I read an article the other day about not letting technology take over family life. It really hit me because I am not very social. It took me awhile to get a smart phone and iPad, but once I did I understood what all the fuss was about. I LOVE it. I'm as addicted as a teenager! My virtual life is amazing and satisfying. I'm not the type of person that needs to be around people. Maybe it's because I am never alone since I have a large family, or it's just in my nature from growing up as an only child. I love to be alone.
Ok, back to the article. It was saying how all this technology might be hampering our ability to empathize, that kids are having a hard time reading body language, resolving conflicts or feeling compassion for their real life friends. That we need to help our children maintain a balance between actual friends and online friends.
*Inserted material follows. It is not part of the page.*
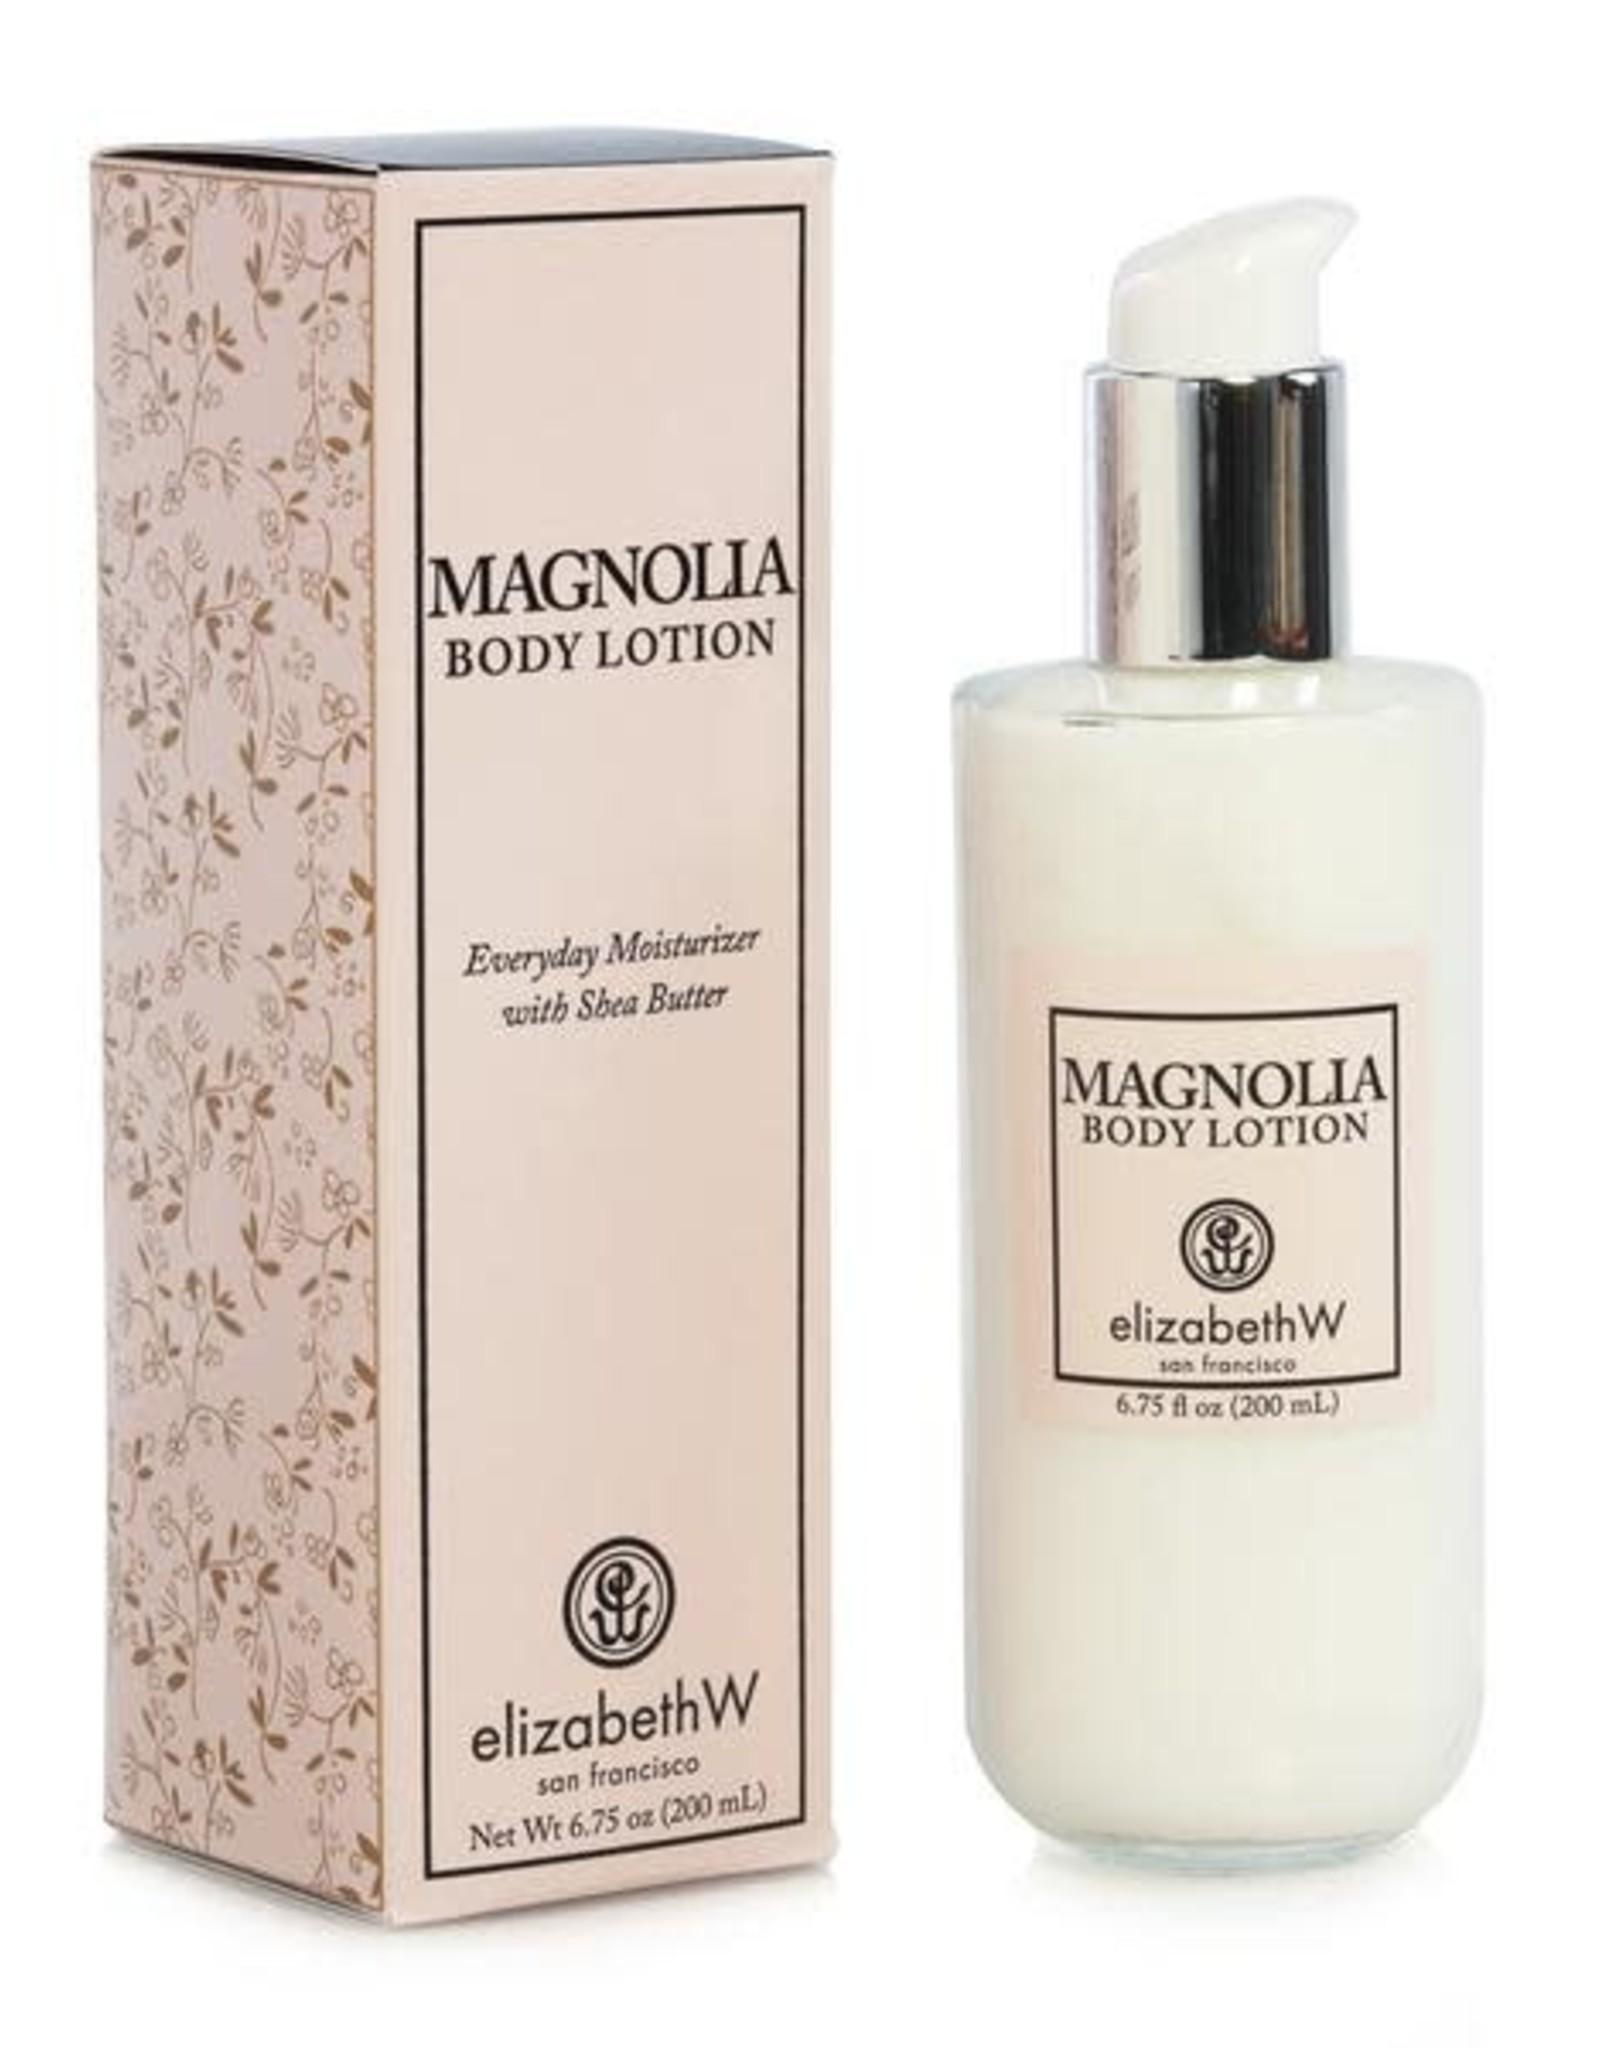 Elizabeth W. Magnolia Body Lotion 6.75 fl oz

I realized that I'm an adult. I have the freedom to choose who to spend time with, when and how often. I know what I need and how to act in social situations. But my kids do not. They have to deal with kids alll day, every day. A huge part of parenting for me is teaching them coping skills. Well this now is equally important. I will sacrifice some screen time, to show my kids about balance, and spending time together. Another good tip is to have your children look at you when you are talking. Im actually guilty of checking my phone in front of someone. How rude! It could definitely wait a couple of minutes until the person is done talking.
This is what I've come up with. We will eat breakfast, lunch, and dinner together screen free. We will swim together, and play something together everyday. I will let them have friends over. We will talk more about feelings. I will be empathetic with them so they will see what it is! When the older ones are out, a text won't be enough. They need to call me so I can hear their voice. (not to mention the background noise) I also think its important to use real words. Again, I am guilty of this as well, but I realize now how uneducated this generation is sounding. If something bad or sad happens, I don't think a frown face is enough. Use words, kind encouraging ones. It's amazing how easy it is to be so LAZY! You know what else this mama is bringing back? Complete sentences, and please and thank you. Why is it I have toddlers who know how to ask for something, yet my older children get away with barely asking?
So my kids are going to have what I like to call boot camp summer. How I fell into such a pattern of lazy parenting, I'm not sure. But I can tell you this mama is so TIRED of it!! Of course now that I said all this, hell will break loose, and I will be tested to the max!